Leinster squashed Glasgow's faint Guinness PRO12 play-off bid as Joey Carbery's 74th-minute penalty saw the hosts triumph 31-30 in thrilling fashion.
A 20-minute delay due to floodlight failure threatened to end the game with just over 90 seconds remaining, but the lights came back on and sixth-placed Glasgow were unable to force a last-gasp score.
Early tries from Dominic Ryan and Rory O'Loughlin had propelled Leo Cullen's table-toppers into a 23-6 half-time lead, with prop Peter Dooley also touching down from a maul.
The wasteful Warriors, who came to Dublin needing a bonus-point victory, strung together 10 points, including an Adam Ashe try, before Zane Kirchner registered Leinster's bonus-point score.
However, Leinster needed a penalty from replacement Carbery to rescue the result as replacements Ali Price and Finn Russell inspired a two-try fightback from the visitors in the final quarter.
Fergus McFadden and Dan Leavy were the only starters retained from the Leinster team that bowed out of the Champions Cup last Sunday. Cullen's side are already assured of a home PRO12 semi-final.
Peter Horne punished a Ross Molony high tackle for the opening points amid a dominant start from Glasgow, who were 33-25 bonus-point winners in September's reverse fixture.
But Leinster picked up two tries from their first couple of visits to the Scots' 22, Ross Byrne's inside pass releasing Kirchner through the middle and he fed flanker Ryan to go in under the posts.
Fly-half Byrne, who added the conversion, was also central to the second try, his cross-field kick seeing Adam Byrne compete with two Glasgow defenders and the ball broke kindly for O'Loughlin to run in his 10th try of the season.

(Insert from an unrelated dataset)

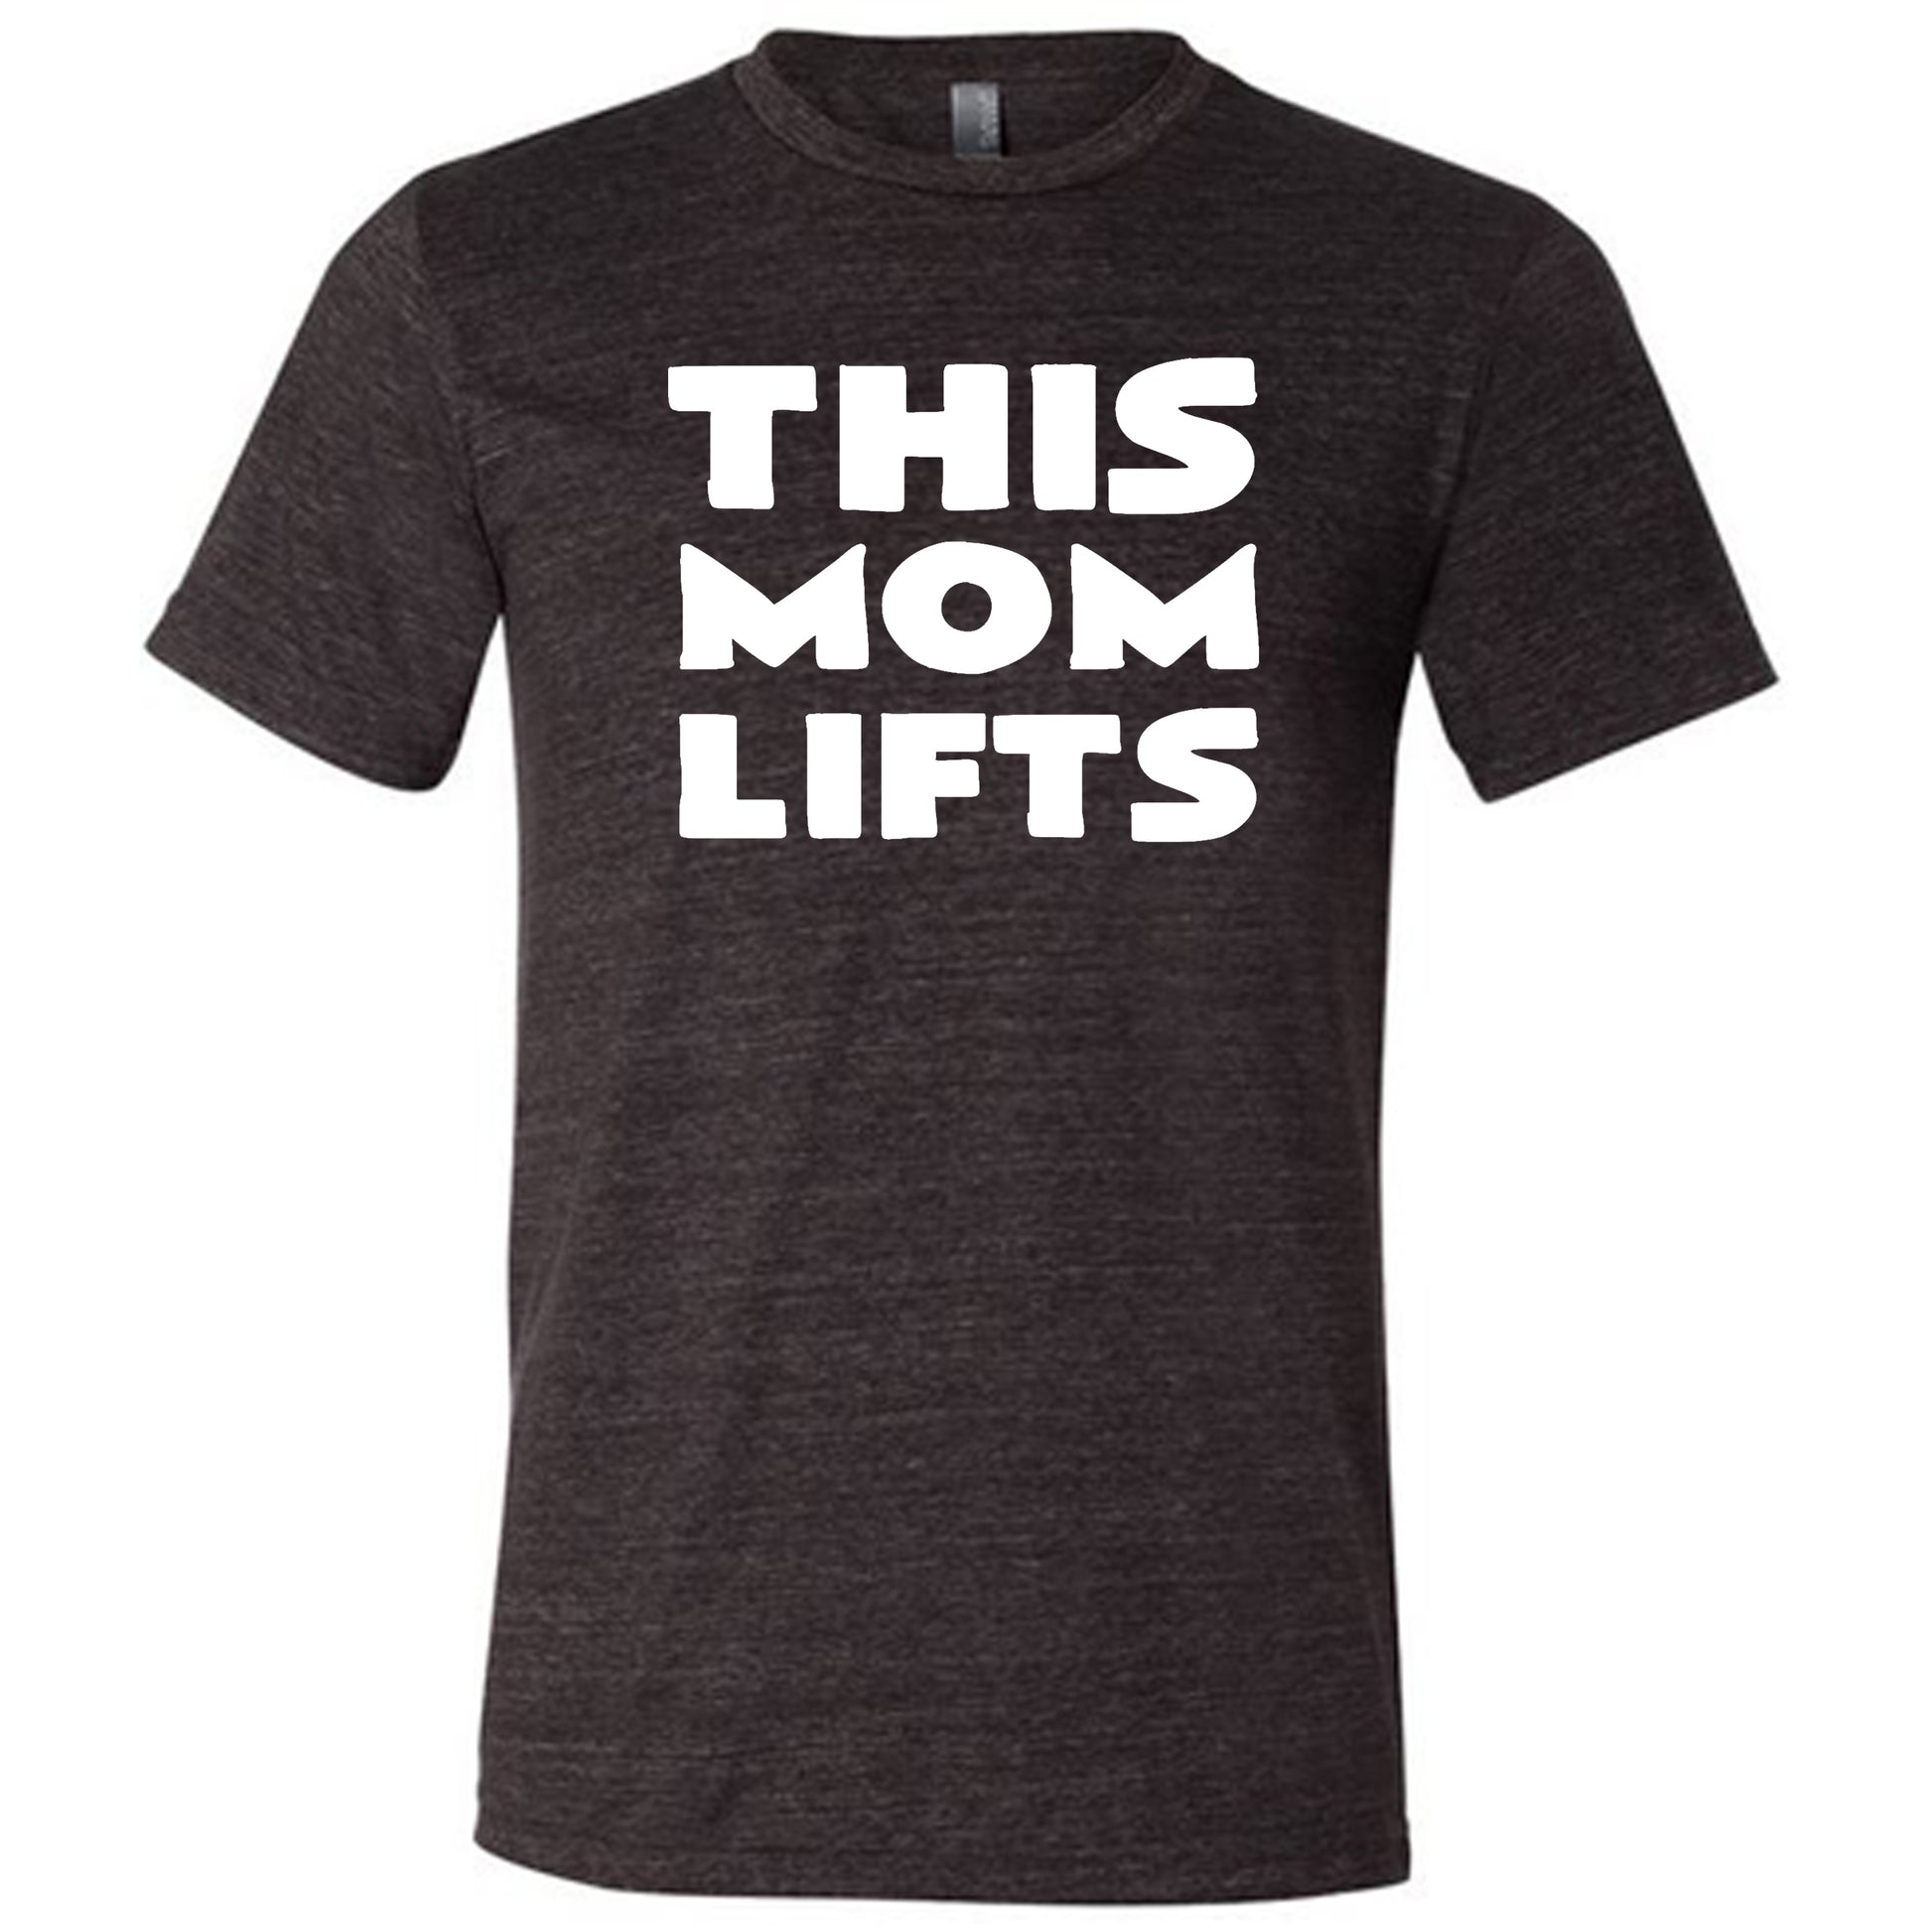 black unisex tee shirt with the saying "this mom lifts" in the center in white lettering

There was much to admire about Glasgow's attacking, with holes exploited in the Leinster midfield and Leonard Sarto threatening regularly on the right. However, knock-ons and misplaced passes blighted their play.
A Horne penalty halved the deficit to 12-6 before Leinster lifted the tempo, aided by a decibel-raising carry from retiring prop Mike Ross.
Dooley piled over at the end of a well-executed 34th-minute lineout drive near the left corner, and that try was sandwiched by two Byrne penalties to open up a 17-point gap.
Glasgow made almost immediate inroads on the resumption, a bout of pressure from the forwards leading to number eight Ashe reaching over with Horne converting.
However, Sarto, who saw yellow for a no-arms tackle, paid the price for an increasing penalty count against the visitors, and Leinster then failed to convert scrum pressure into points.
Horne's 56th-minute penalty had Glasgow within a converted score, but Leinster hit the hour mark with a 28-16 advantage, slick hands from Noel Reid and Byrne sending Kirchner spinning away from two defenders for try number four.
The momentum soon swung back in Glasgow's favour, their lively bench having an impact as scrum half Price used a loose ball to scamper into space and Jones sniffed out a try wide on the left.
Russell converted and also added the extras to his own five-pointer with 69 minutes on the clock, the Scotland stand-off doing brilliantly to twist towards the try-line and stretch out his arm, leaving a stunned Leinster 30-28 behind.
The Irish outfit have not lost a PRO12 fixture at the RDS since February 2015 and they showed just why, Carbery coolly turning a penalty from a lineout into three points before their defence eventually came out on top.